Exercise brief =>
Nothing but the lines from the one holding "Catherine 1/2 Way" to the final line of the listing below, both included, should be repeated, and each must match exactly. Omit pictures.

Data below =>
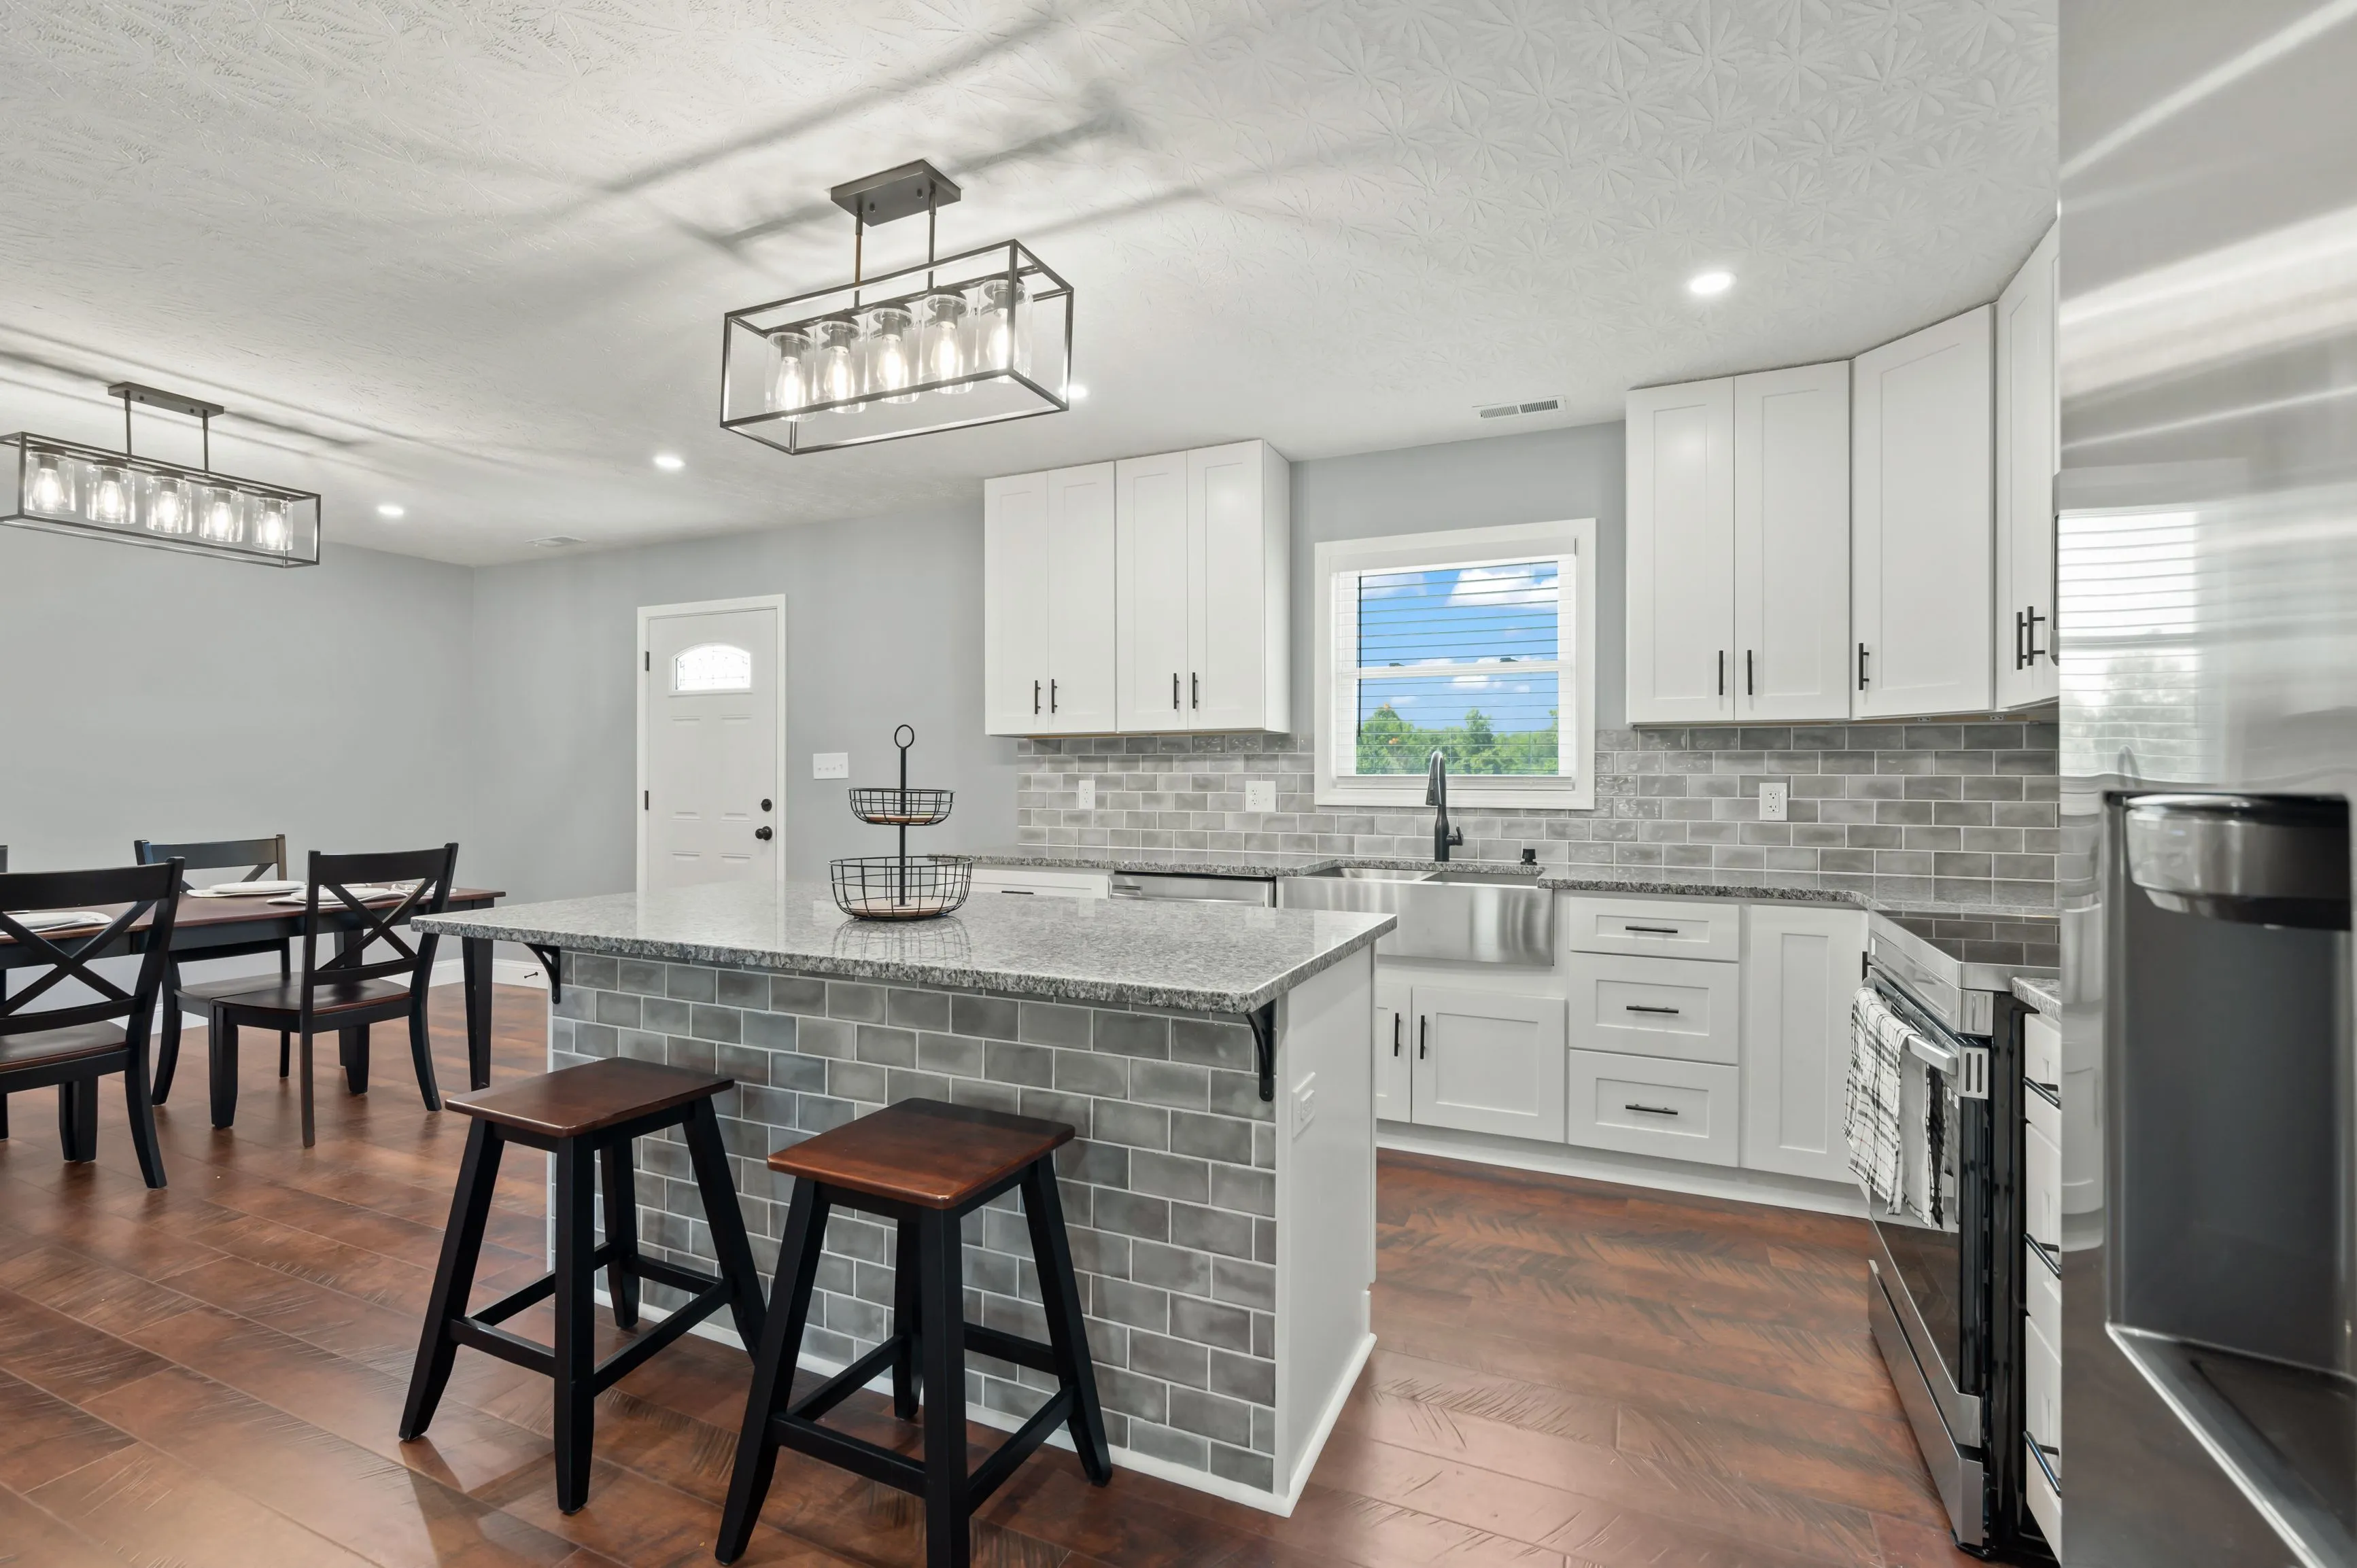 Modern kitchen interior with granite countertops, white cabinetry, stainless steel appliances, and a dining area with stylish lighting fixtures.
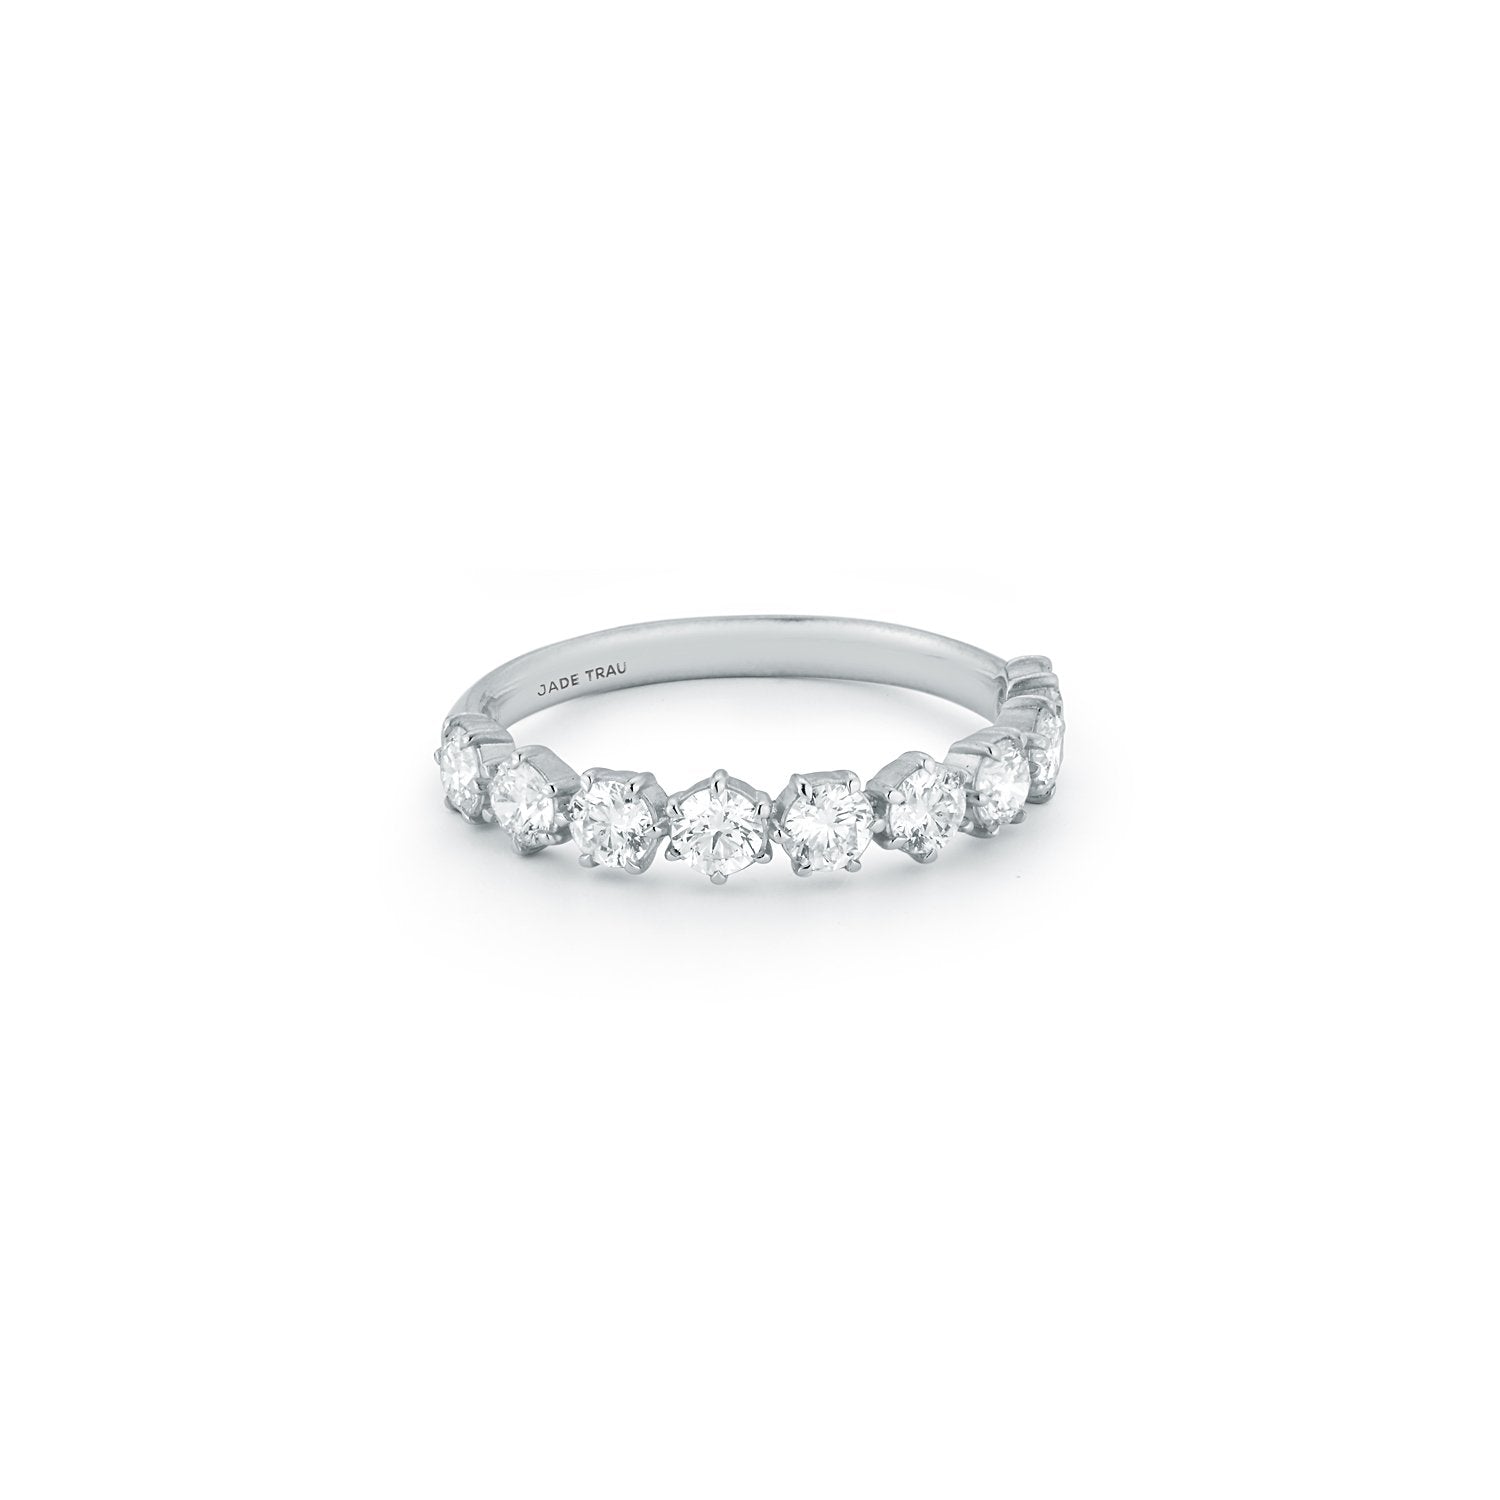 Catherine 1/2 Way Eternity No. 2 in 18K White Gold
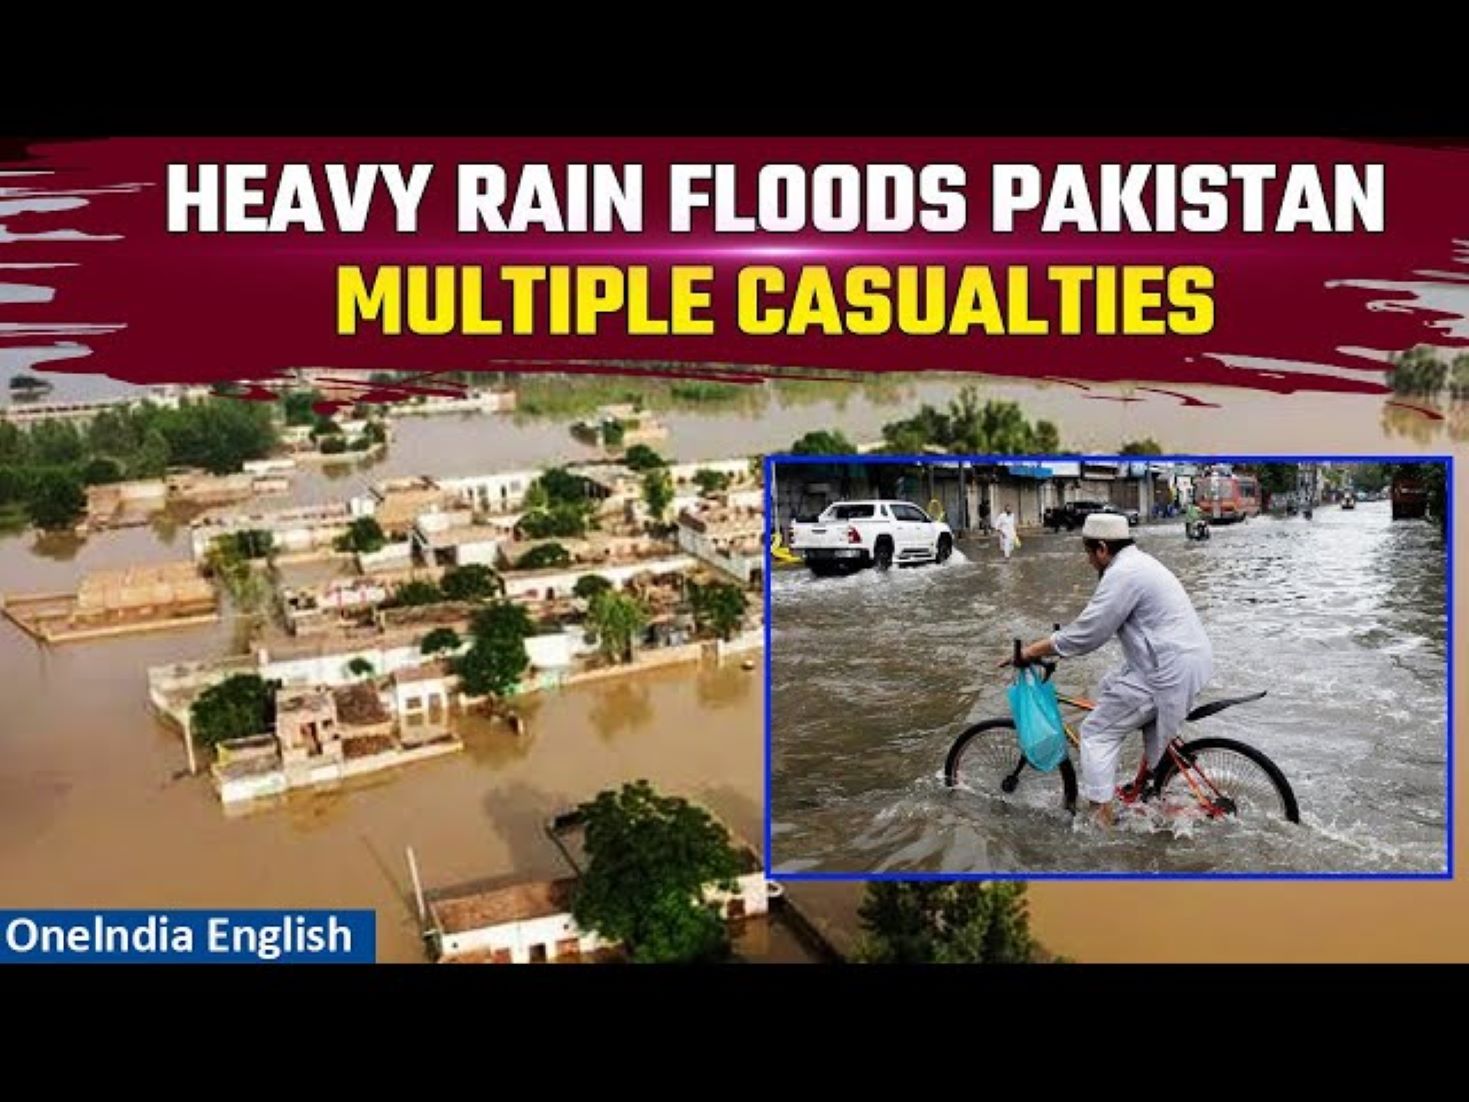 39 Killed In Rain-Triggered Accidents In Pakistan

Response box =>
 Catherine 1/2 Way Eternity No. 2 in 18K White Gold
 39 Killed In Rain-Triggered Accidents In Pakistan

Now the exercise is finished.